**GIVEN DATA**
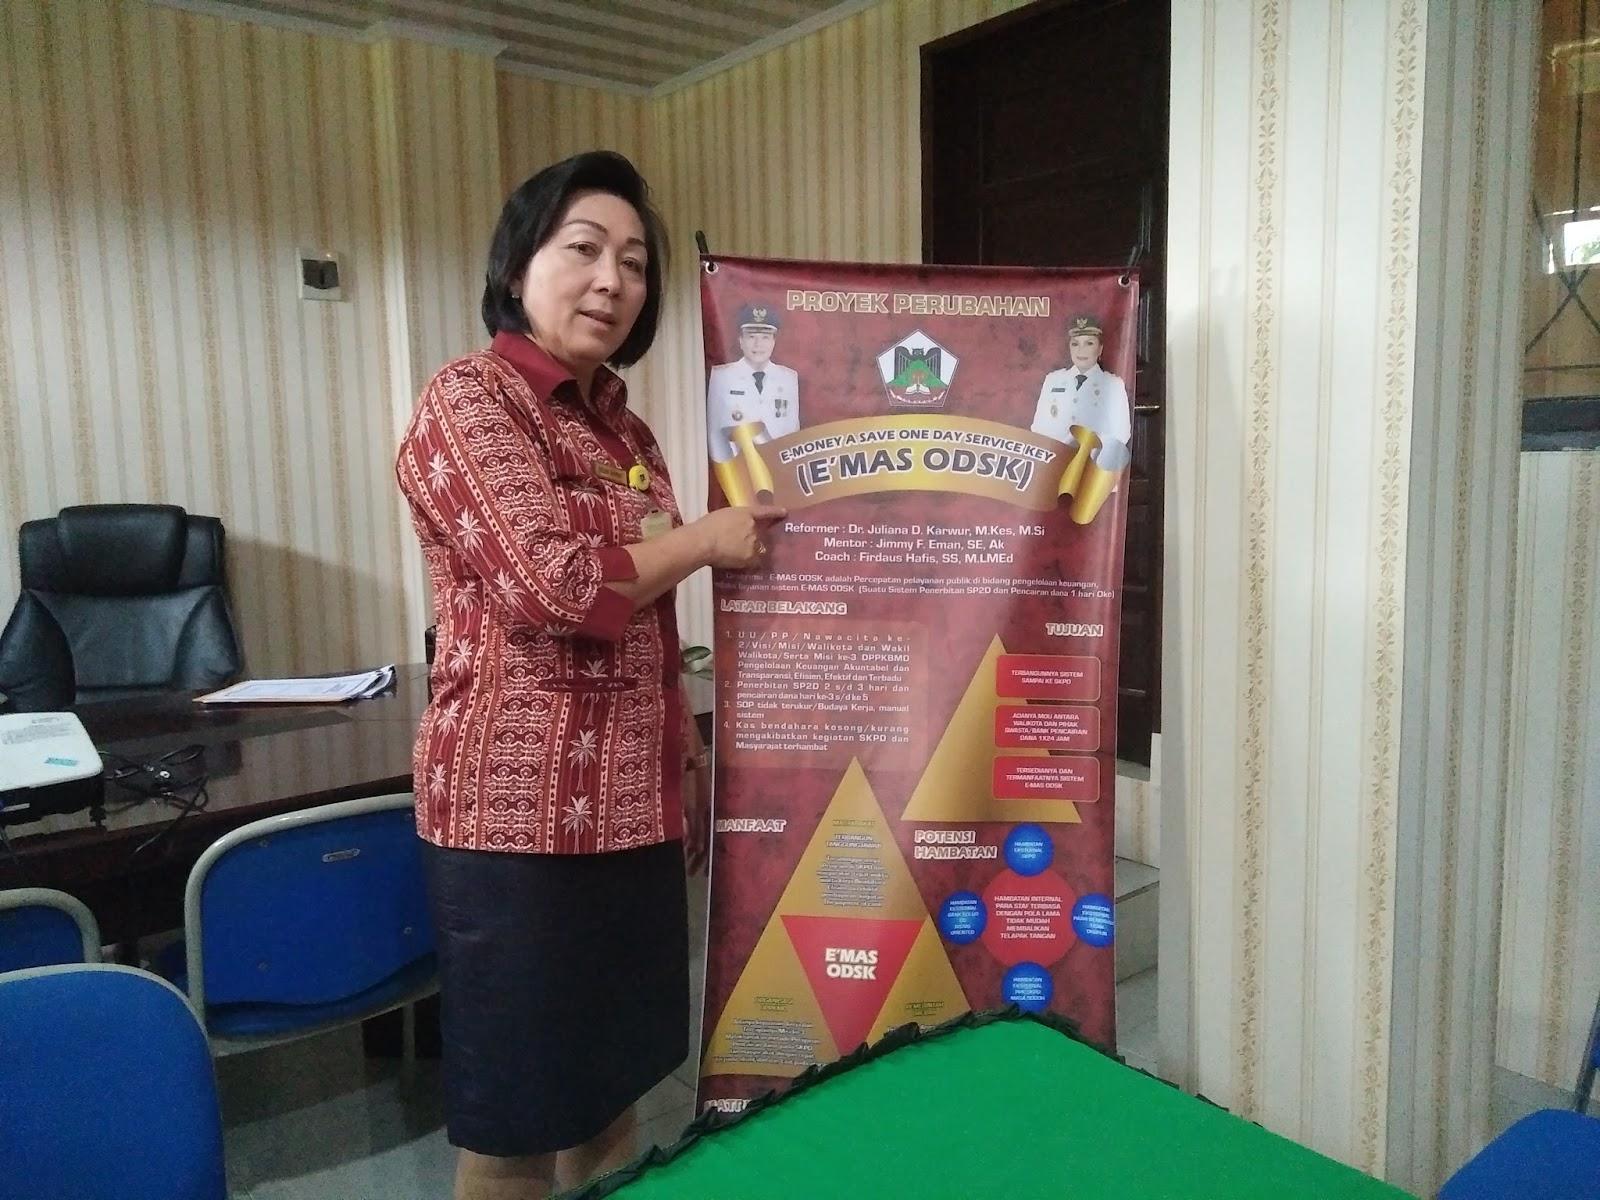 Kepala Dinas PPKBMD Dr Juliana Dolvin Karwur MKes MSi
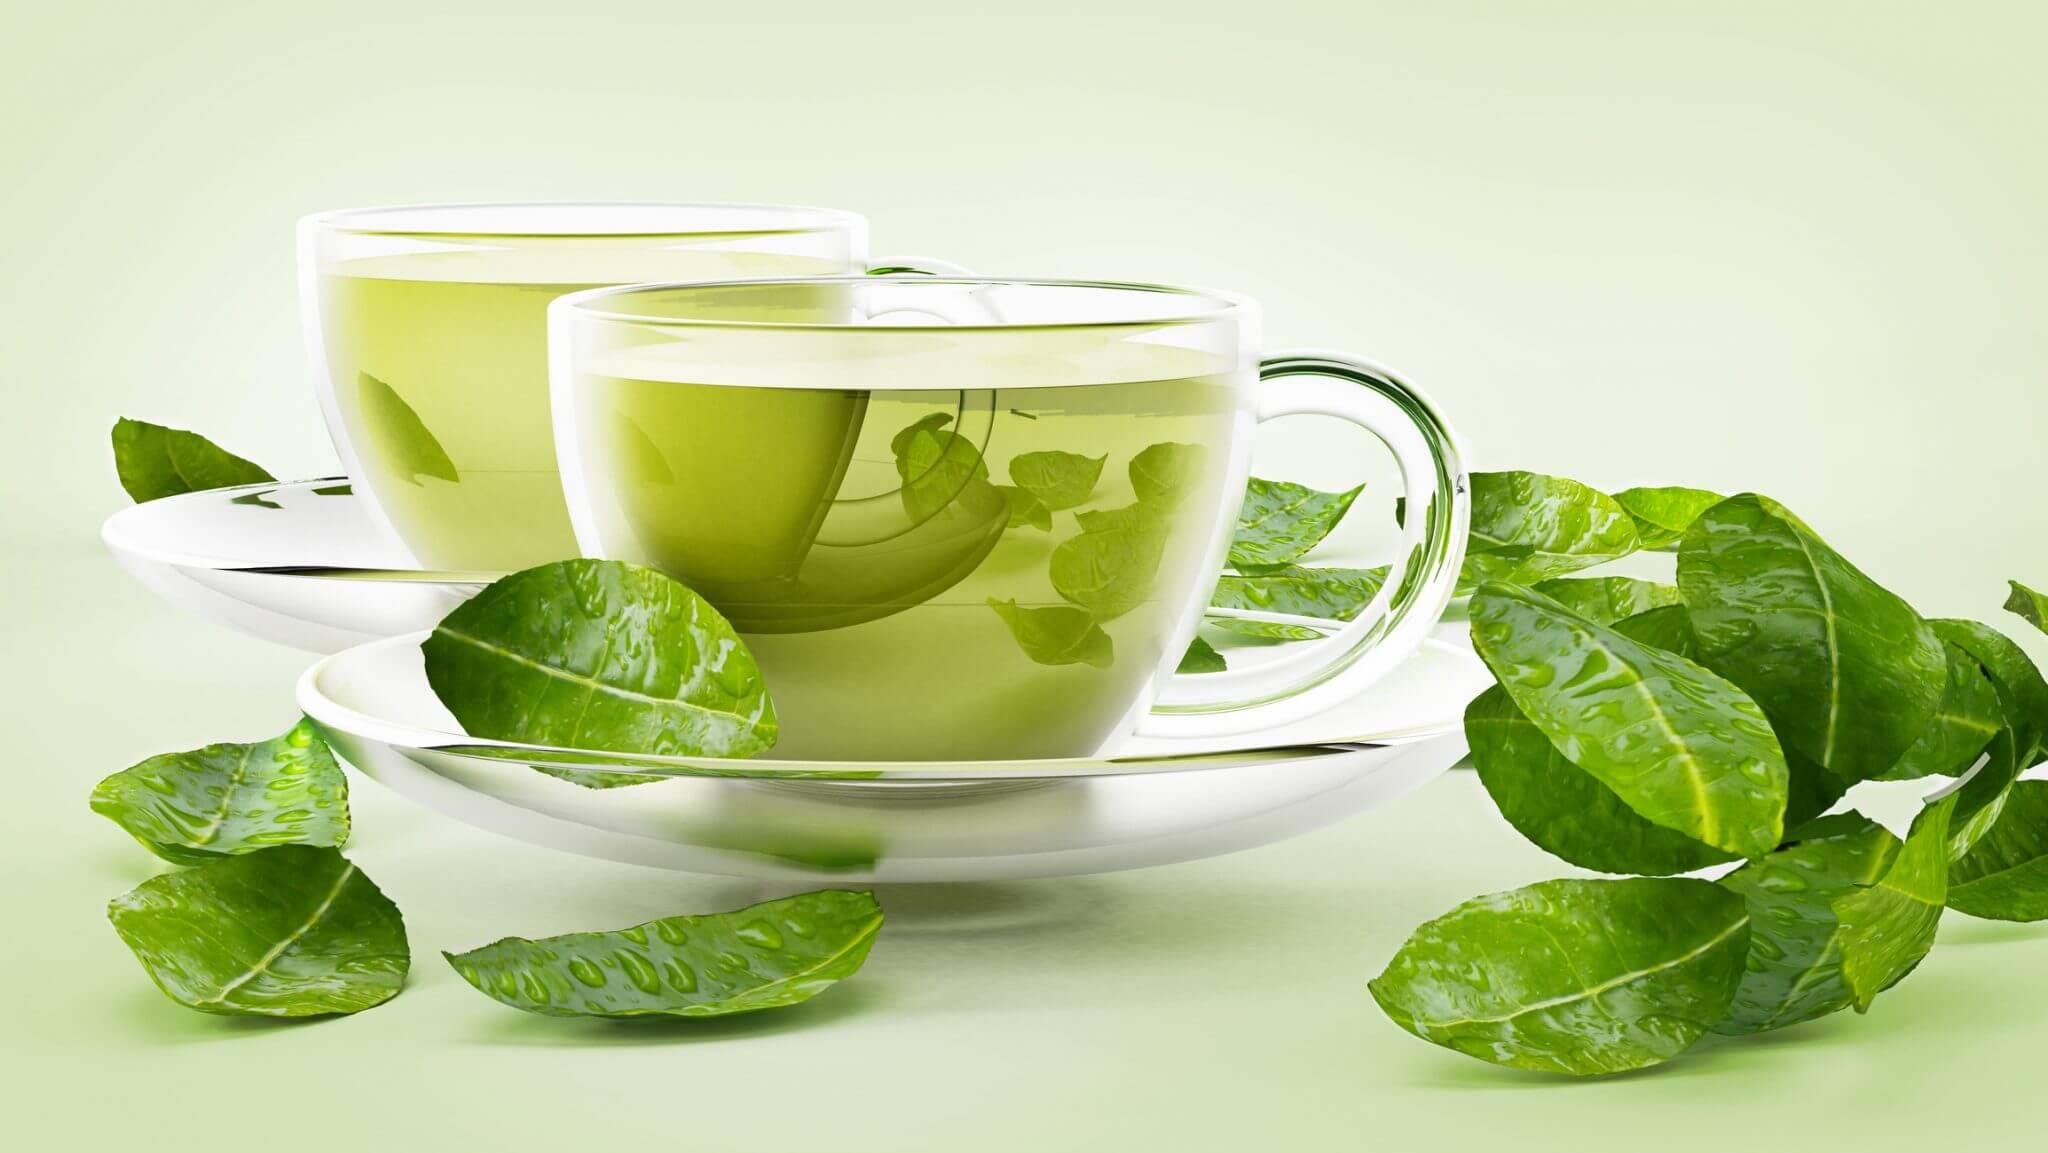 یکی از راههای درمان طبیعی عفونت چشم استفاده از چای است.
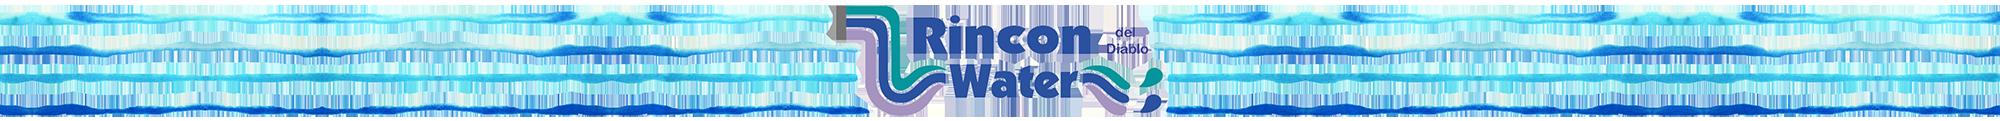 Rincon del Diablo Municipal Water District
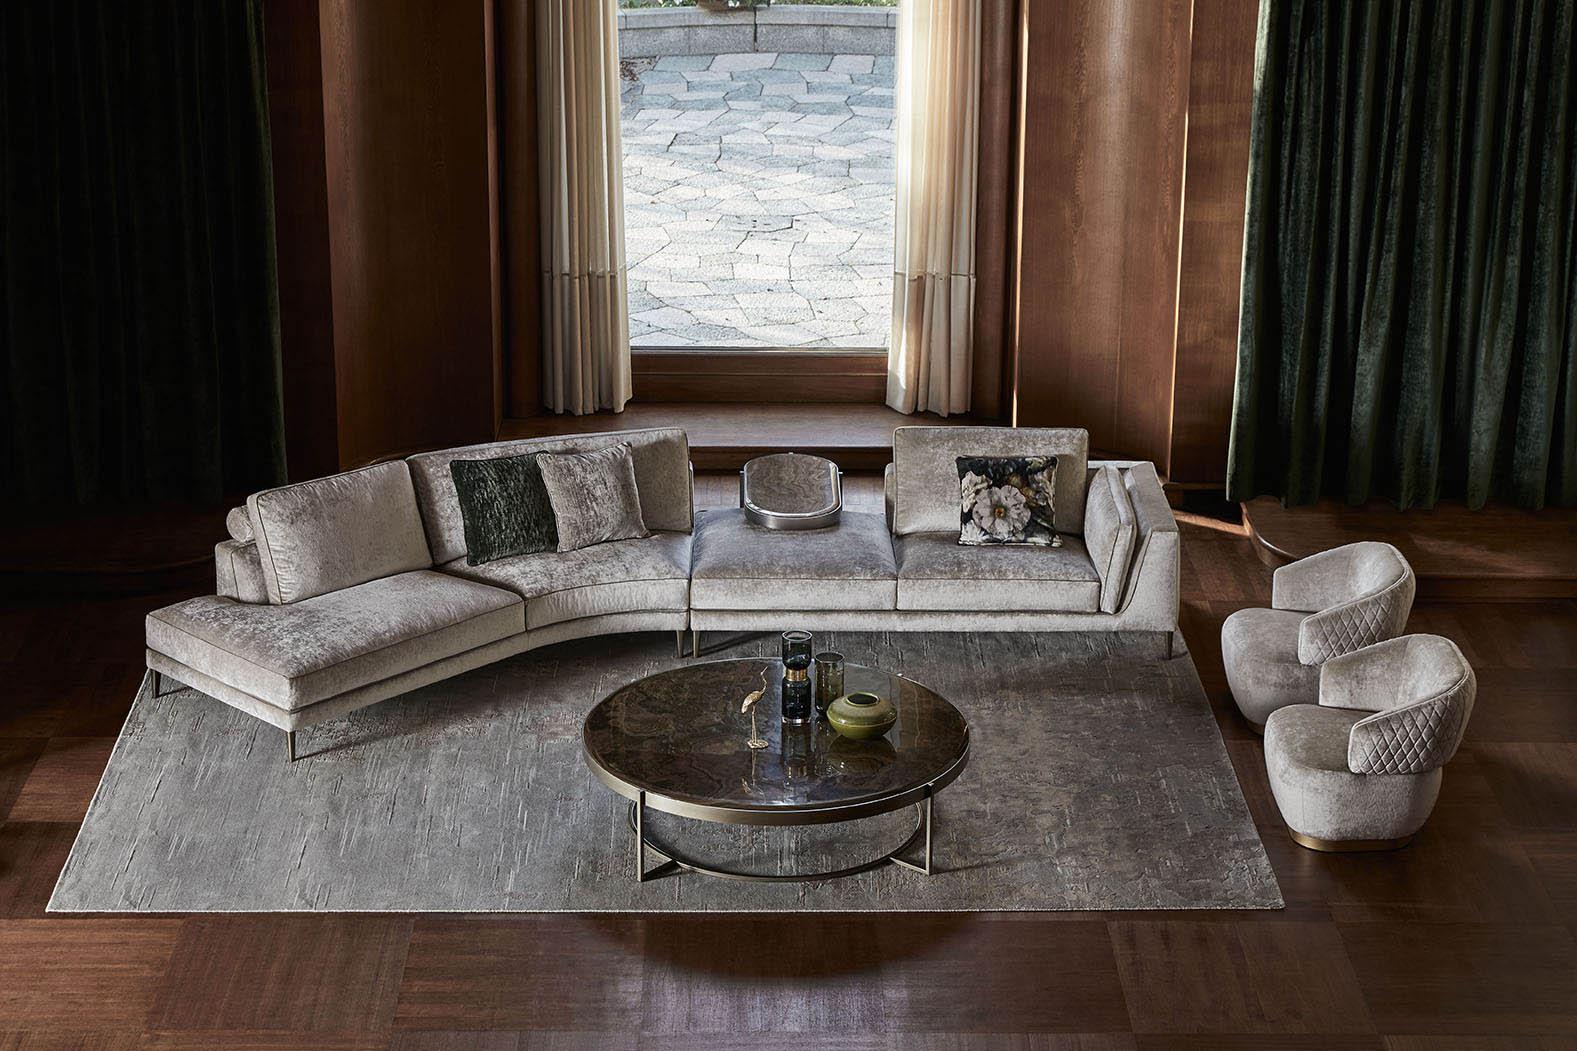 arredamento di lusso moderno classico e di design arredamento di lusso in stile o di design

**WHAT IS EXPECTED**
The copy should match each line above exactly and contain no images.

**EXERCISE RESPONSE**
 Kepala Dinas PPKBMD Dr Juliana Dolvin Karwur MKes MSi
 یکی از راههای درمان طبیعی عفونت چشم استفاده از چای است.
 Rincon del Diablo Municipal Water District
 arredamento di lusso moderno classico e di design arredamento di lusso in stile o di design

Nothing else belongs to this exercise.